14 Aug

Are There Any Guarantees on My Investment Account?

August 14, 2008

This is an interesting question that tends to come up more often when the market is experiencing volatility such as we’ve seen this year and the fourth quarter of 2007.

We are all probably familiar with FDIC (Federal Deposit Insurance Corporation), which insures all depositors of a member bank against loss up to a certain dollar amount. The FDIC’s approach to making depositors entirely whole makes sense in the risk-averse bank account world, but what about the world of the stock market where volatility is part of the equation?

SIPC (Securities Investor Protection Corporation) was formed by Congress in 1970 as a way to help individuals whose money, stocks or other securities are stolen by a broker or put at risk when a brokerage fails for other reasons – SIPC does not bail out investors when the value of their stock, bonds, or other investments fall or fail for any reason (ie. the volatility of the stock market).
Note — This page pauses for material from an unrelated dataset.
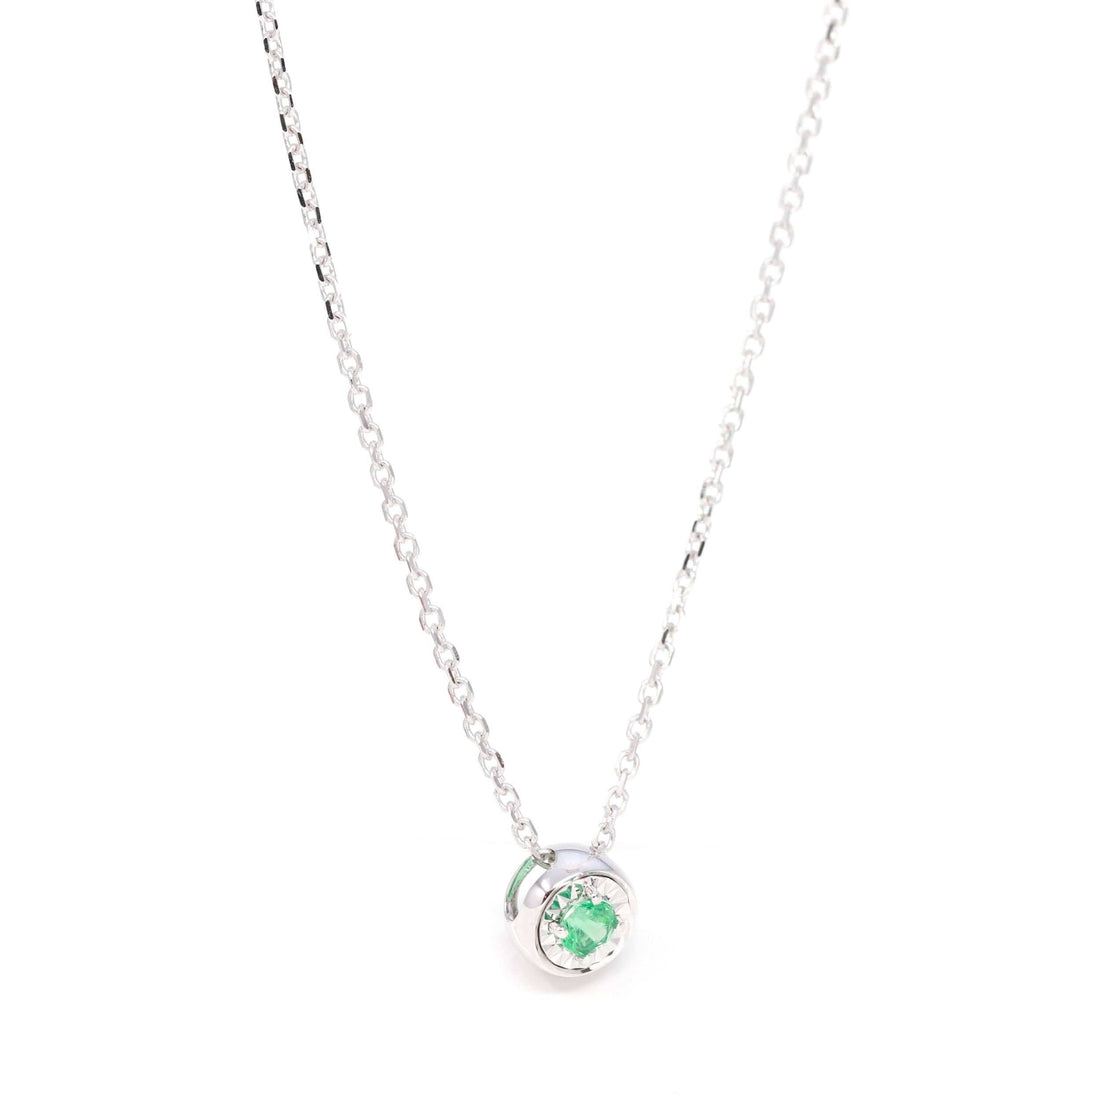 Baikalla Jewelry Gemstone Pendant Necklace Baikalla™ 14k White Gold Sapphire Round 4 Prong Set Necklace With Diamond-Cut Halo
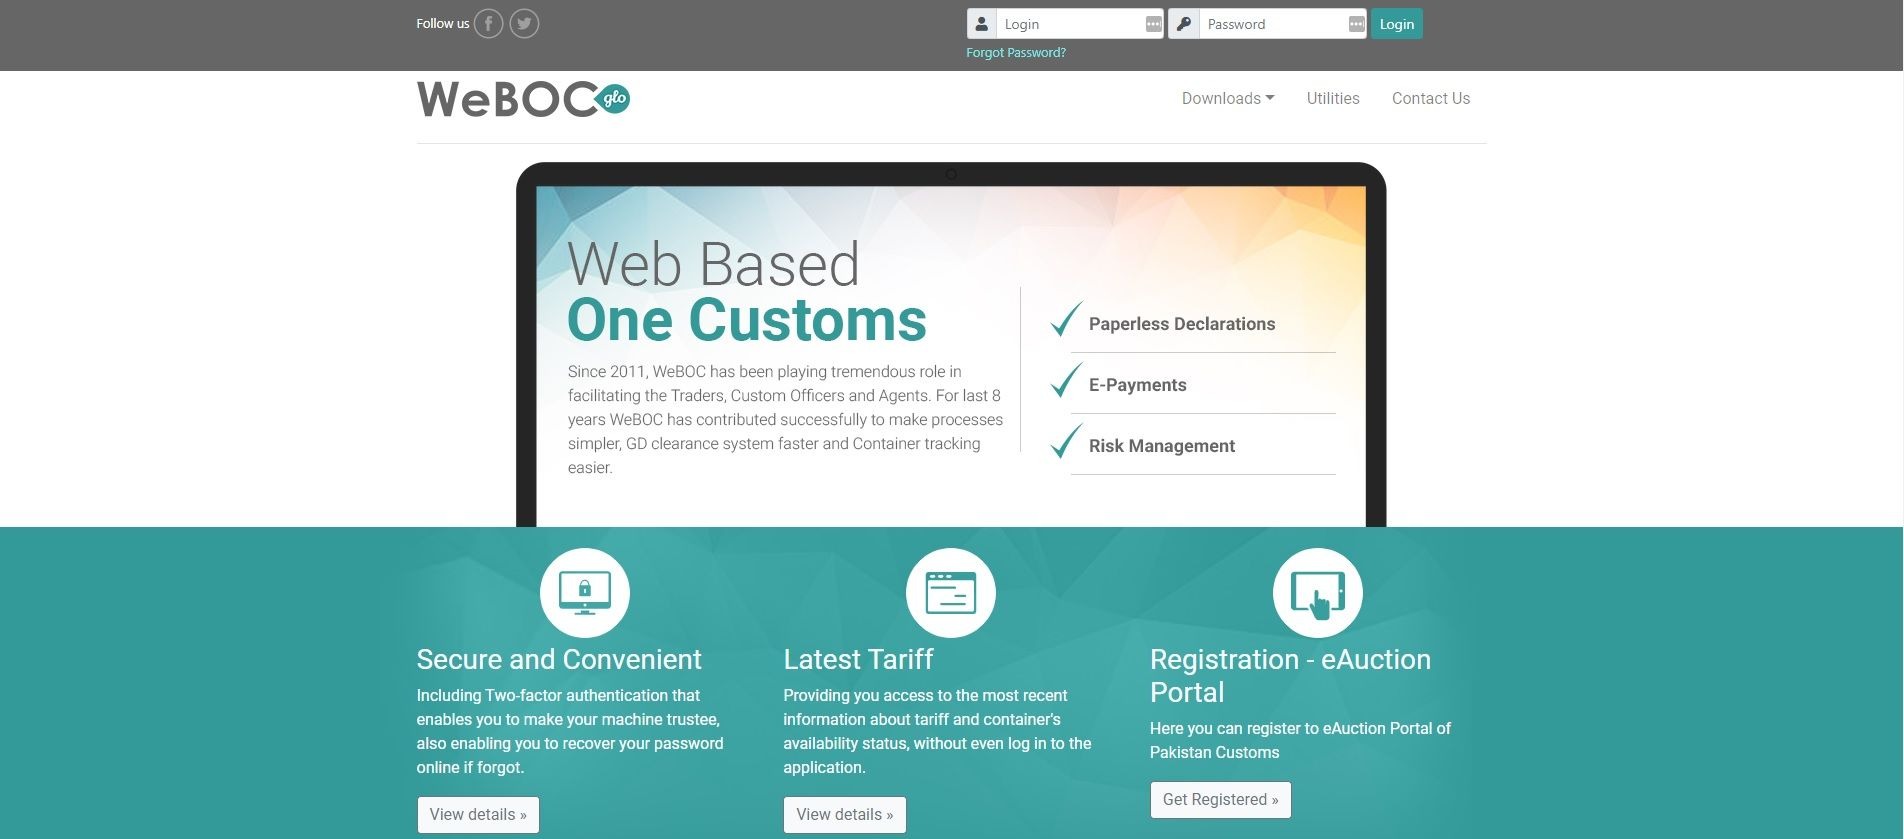 Weboc Login Page (Pakistan Customs)

SIPC usually gets involved when a brokerage fails and assets are missing from customer accounts. SIPC steps in by replacing these missing stocks and other securities by calculating the financial worth (e.g. the number of shares of a certain stock) of a customer’s account as of the “filing date”. SIPC first looks to see if the actual securities owned by the customers can be replaced in the right accounts. If they cannot, SIPC’s reserve funds will be used, if necessary, to purchase replacement securities up to a ceiling of $500,000 per customer held in separate capacity (e.g. joint tenant or sole owner), including a maximum of $100,000 for cash claims. Quite a few broker/dealers or custodians will purchase additional insurance. Savant actually uses a custodian that provides additional brokerage insurance (underwritten by Lloyd’s of London) in the event that SIPC limits are exhausted. This coverage provides protection of securities and cash up to an aggregate of $600 million, and is limited to a combined return to any customer from a trustee, SIPC, and Lloyd’s of $150 million, including cash of up to $1 million.

By the way, there are some assets that are ineligible for SIPC. These include commodity futures contracts, currency, and investment contracts like limited partnership that are not registered with the U.S. Securities and Exchange Commission under the Securities Act of 1933.